In this case, the patient's muscle symptoms are consistent with SAMS. A stepwise approach to statin rechallenge and dose de-escalation should be attempted. If statin intolerance persists, nonstatin therapies such as ezetimibe or bempedoic acid should be initiated to achieve appropriate LDL-C reduction. For primary prevention, a target LDL-C reduction of 30% or a level <100 mg/dL is appropriate, while in secondary prevention, more aggressive targets would be required. Regular follow-up and monitoring are essential to ensure efficacy and adherence to therapy. As noted earlier, this is consistent with the ACC ECDP.5 The ESC and CCS guidelines are more limited in discussion of statin intolerance and merely note that ezetimibe and PCSK9 monoclonal antibodies are options for treatment depending on clinical situation and cost.20,21

Conclusions

Despite significant advances in the prevention and treatment of ASCVD, it remains a major global cause of morbidity and mortality. Central to ASCVD prevention is effective lipid-lowering, which reduces both the onset of disease and the risk of recurrent cardiovascular events in those with established disease. However, translating these evidence-based strategies into routine clinical practice presents several challenges. Achieving guideline-directed lipid management can be complicated by factors such as patient intolerance, individual variability in response to therapy, and the presence of risk-enhancing factors that are not always neatly addressed by current guidelines.

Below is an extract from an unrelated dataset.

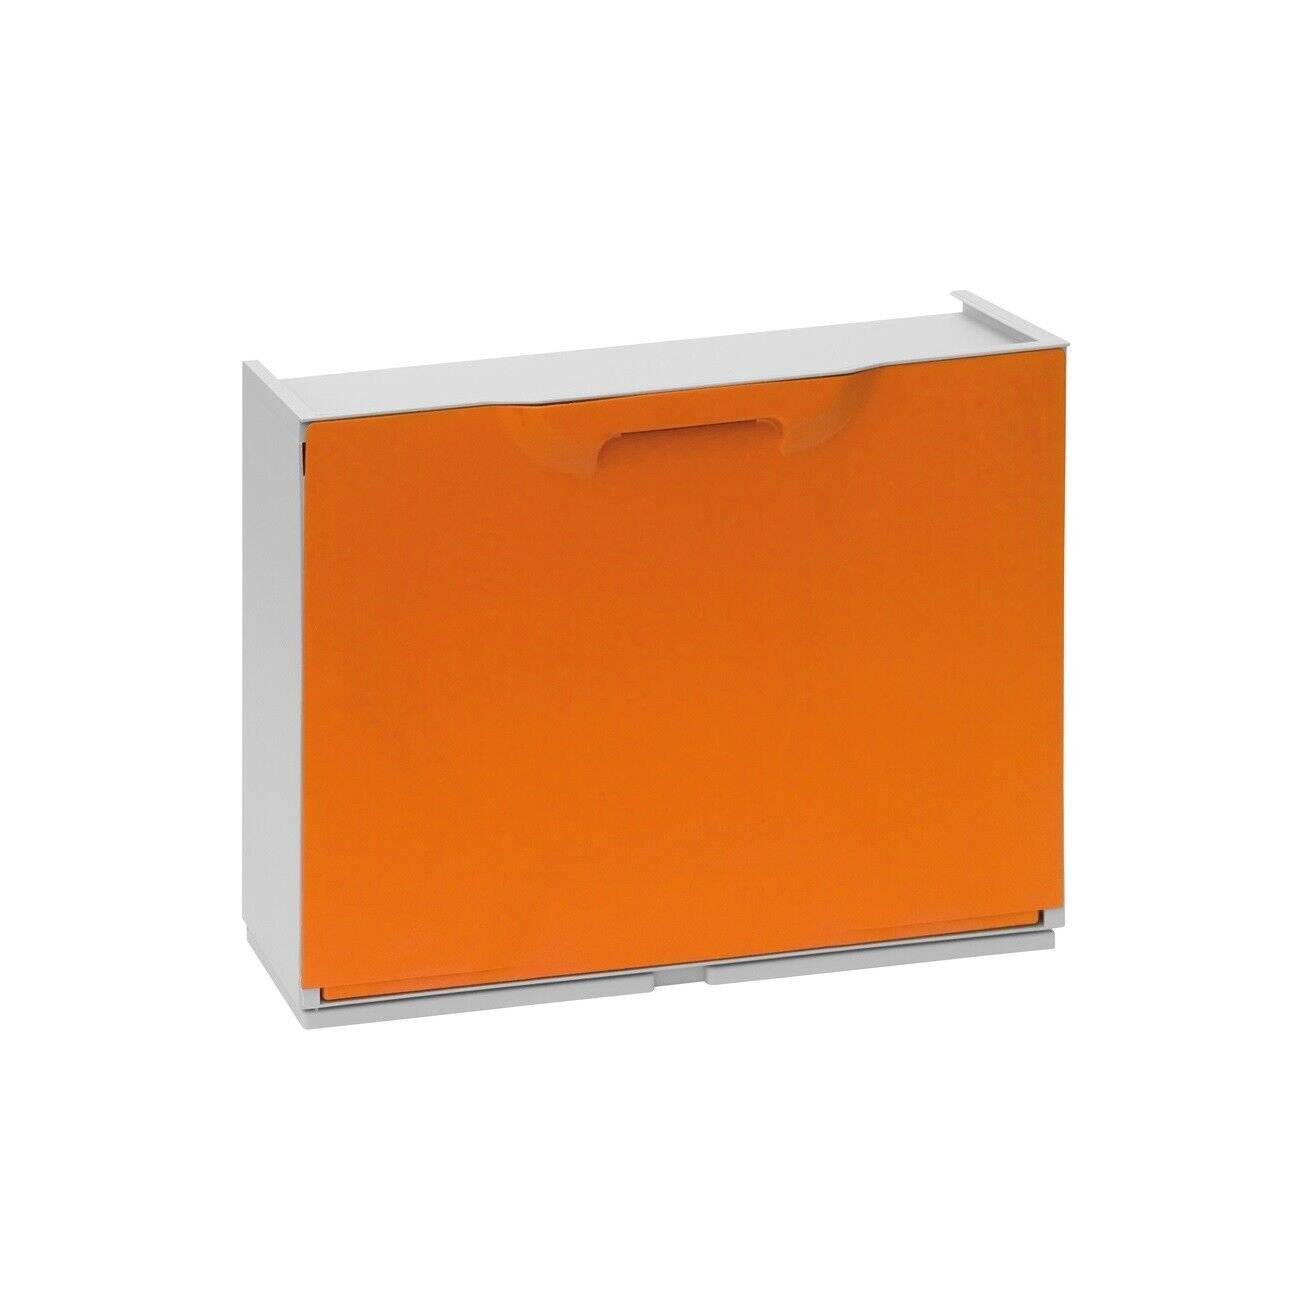 Artplast Unika Scarpiera Arancio - Organizza con Stile e Componibilità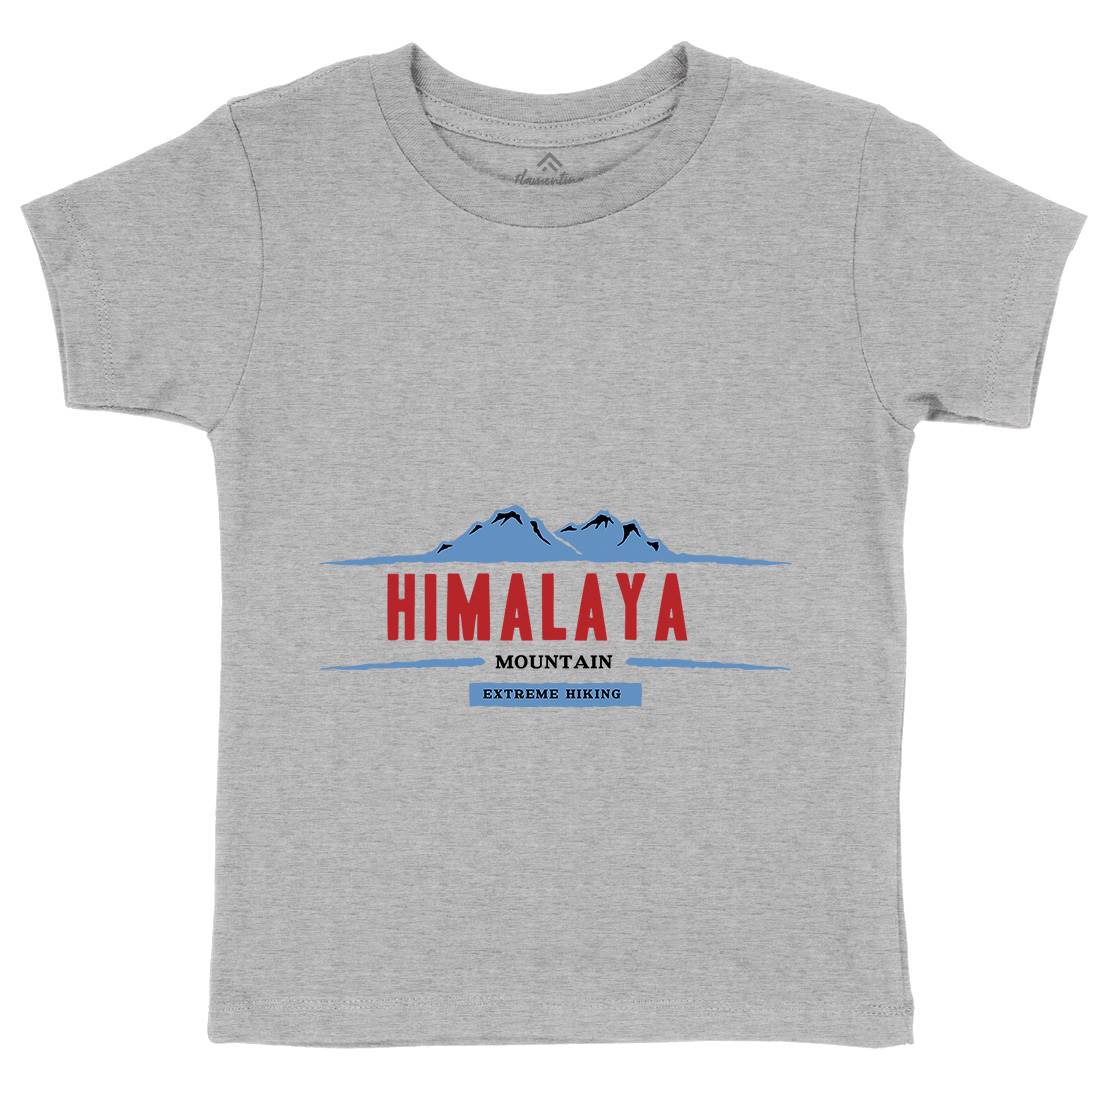 Himalaya Mountain Kids Crew Neck T-Shirt Nature A329

Moreover, many commonly encountered clinical scenarios—as depicted in the aforementioned case examples—require nuanced, patient-centered approaches that extend beyond standard recommendations. The rapidly evolving landscape of LLTs, including the development of novel agents such as PCSK9 inhibitors, bempedoic acid, and inclisiran, provides clinicians with new tools to tailor treatments, but also necessitates a deeper understanding of when and how to use these therapies effectively. This review has aimed to bridge the gap between guideline-directed care and real-world clinical complexities, offering practical insights into managing patients with challenging lipid disorders. By contextualizing current recommendations and highlighting emerging treatment options, we hope to empower clinicians to make informed, individualized treatment decisions that improve outcomes for their patients. As the field of lipidology continues to evolve, it is crucial that healthcare providers employ both established and emerging therapies to reduce ASCVD risk and enhance patient care.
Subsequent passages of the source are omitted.